Sexual jealousy is a special form of jealousy in sexual relationships, based on suspected or imminent sexual infidelity. The concept is studied in the field of evolutionary psychology.

== Basis ==
Evolutionary psychologists have suggested that there is a gender difference in sexual jealousy, driven by men and women's different reproductive biology. The theory proposes that a man perceives a threat to his relationship's future because he could be fooled into raising children that are not his own. In contrast, a woman risks losing to another the relationship and all the benefits that entails. Research has shown that men are impacted more by sexual infidelity, while women are more impacted by emotional infidelity.

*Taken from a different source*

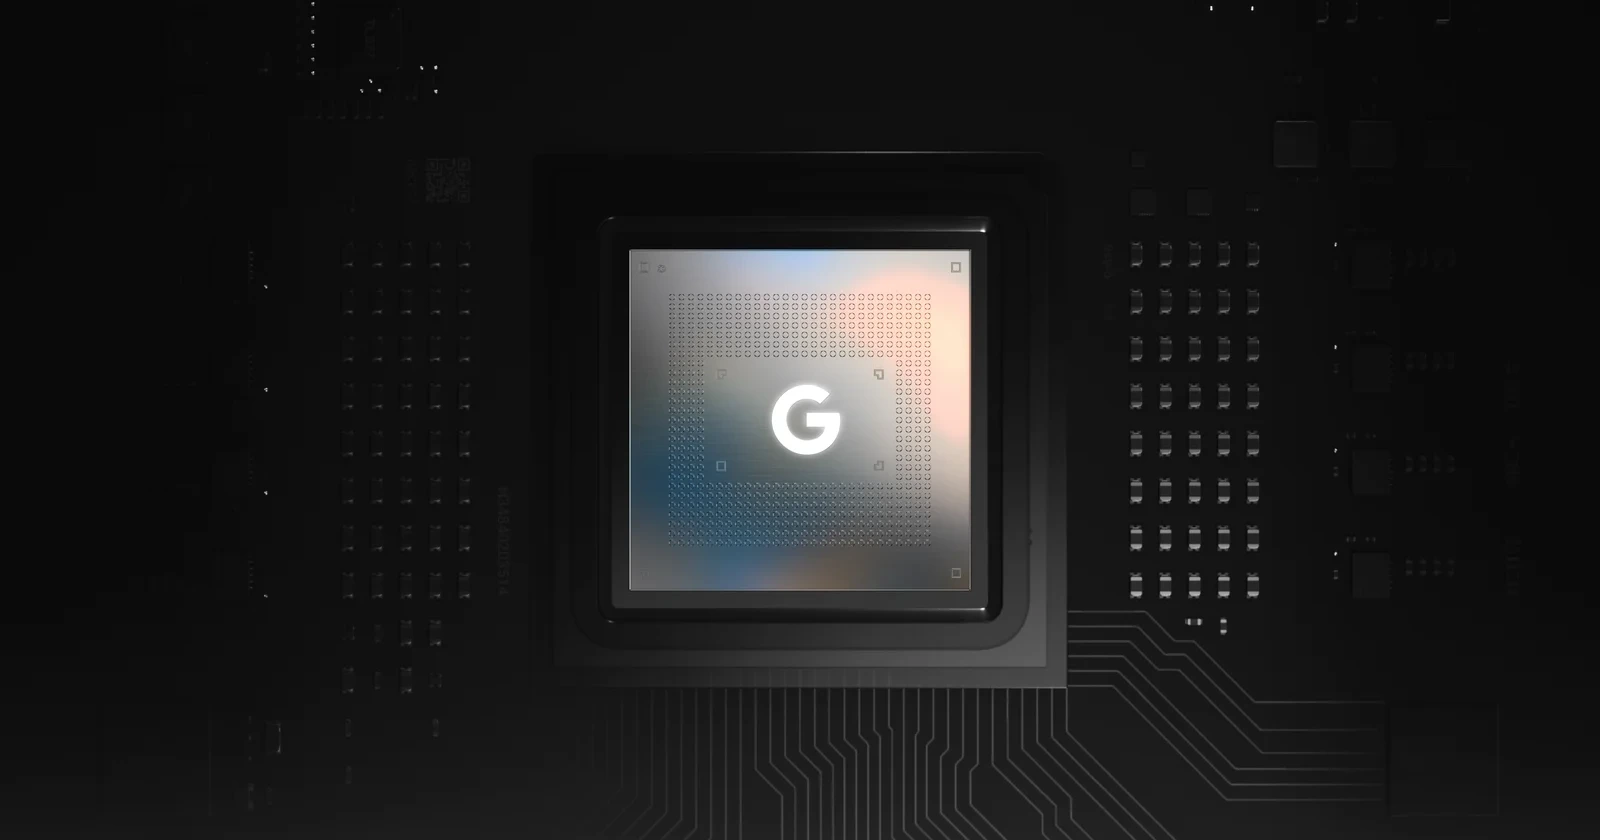 Alleged Tensor G4 Geekbench 5 score surfaces with disappointing numbers

An alternative explanation is from a social-cognitive perspective. Typically, men place importance on their masculinity and sexual dominance. When the male's partner commits sexual infidelity, these two components of his ego become severely threatened. Women are more emotionally invested in a relationship, and therefore experience a threat to their self-perception when a partner commits infidelity, more concerned with risk to the emotional content than the sexual.

Some research has suggested that there are no gender differences in sexual jealousy, concluding that males and females both equally experience distress over emotional and sexual infidelity. Sexual jealousy is cross-culturally universal but how it manifests itself may differ across cultures.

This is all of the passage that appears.